ASSIGNMENT: Could you transcribe all of the data exactly and skip any pictures?

PROVIDED MATERIAL:
•••••
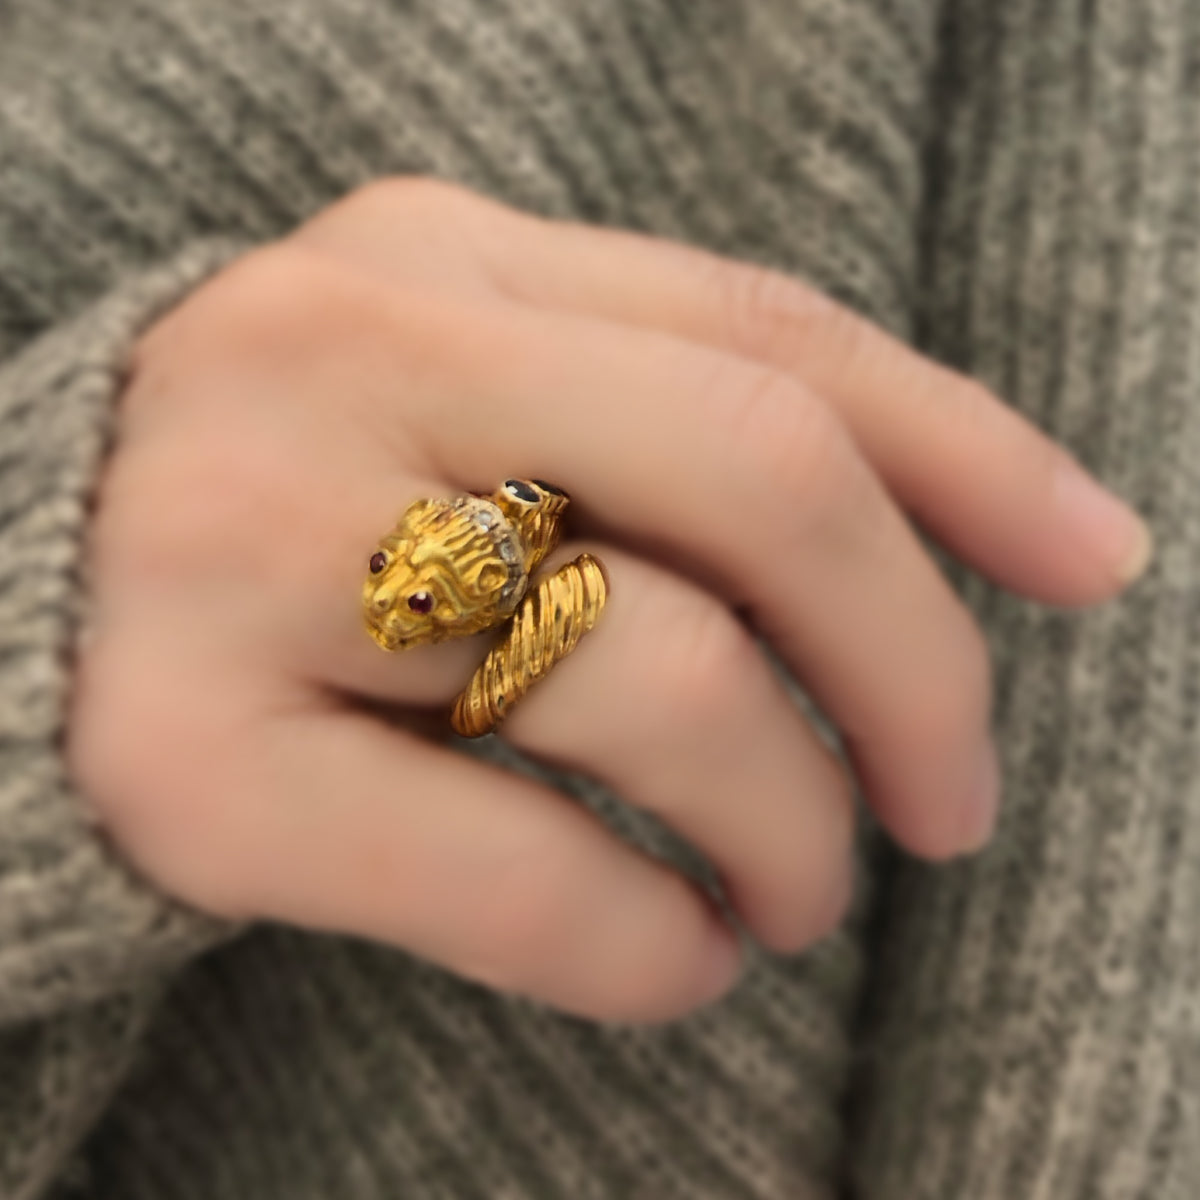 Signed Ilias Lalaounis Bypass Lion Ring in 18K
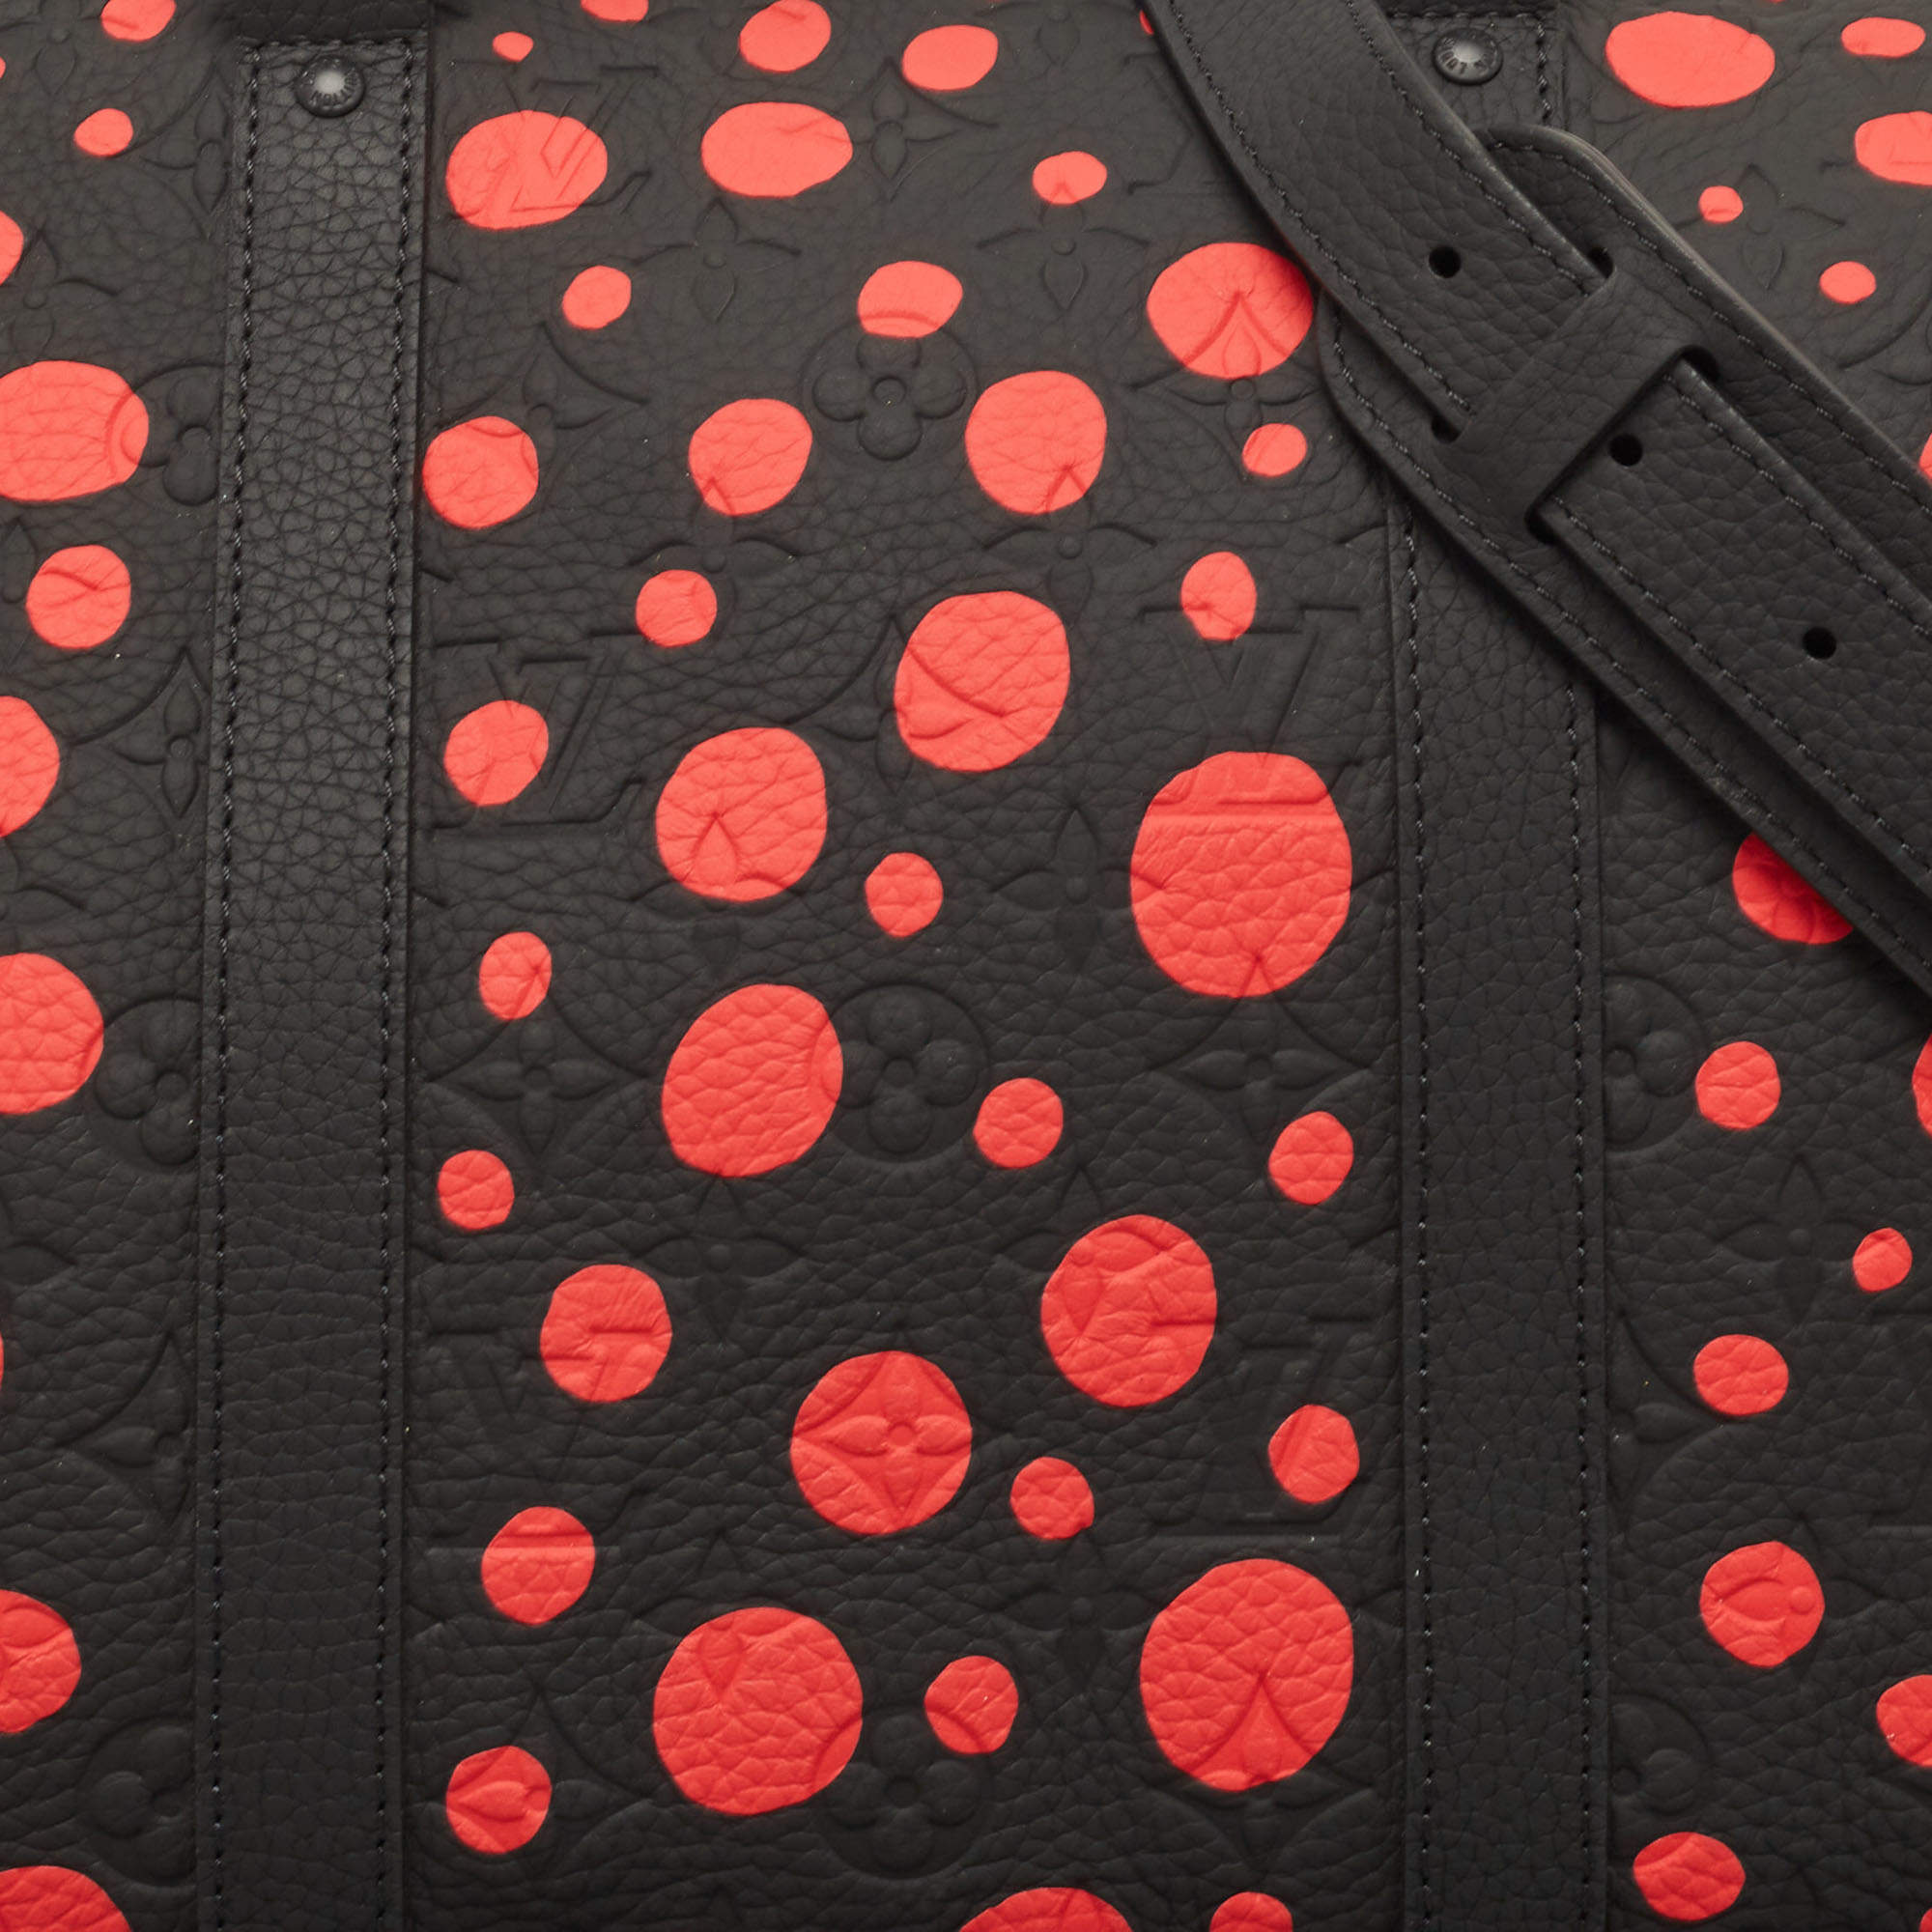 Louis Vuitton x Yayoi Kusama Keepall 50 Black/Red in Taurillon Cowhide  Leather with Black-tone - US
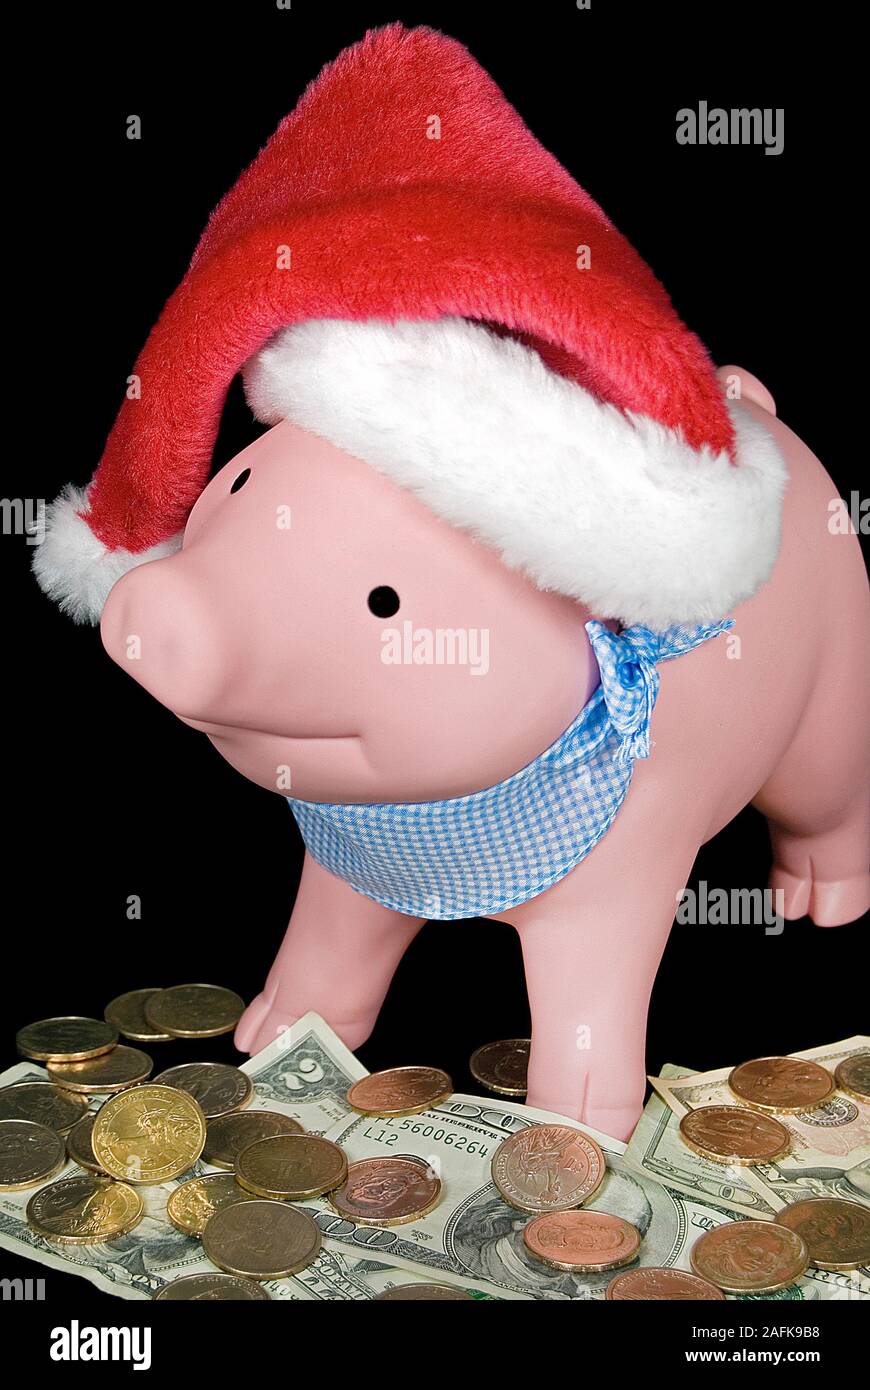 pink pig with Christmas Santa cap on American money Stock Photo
•••••
WRITTEN RESPONSE:
 Signed Ilias Lalaounis Bypass Lion Ring in 18K
 Louis Vuitton x Yayoi Kusama Keepall 50 Black/Red in Taurillon Cowhide  Leather with Black-tone - US
 pink pig with Christmas Santa cap on American money Stock Photo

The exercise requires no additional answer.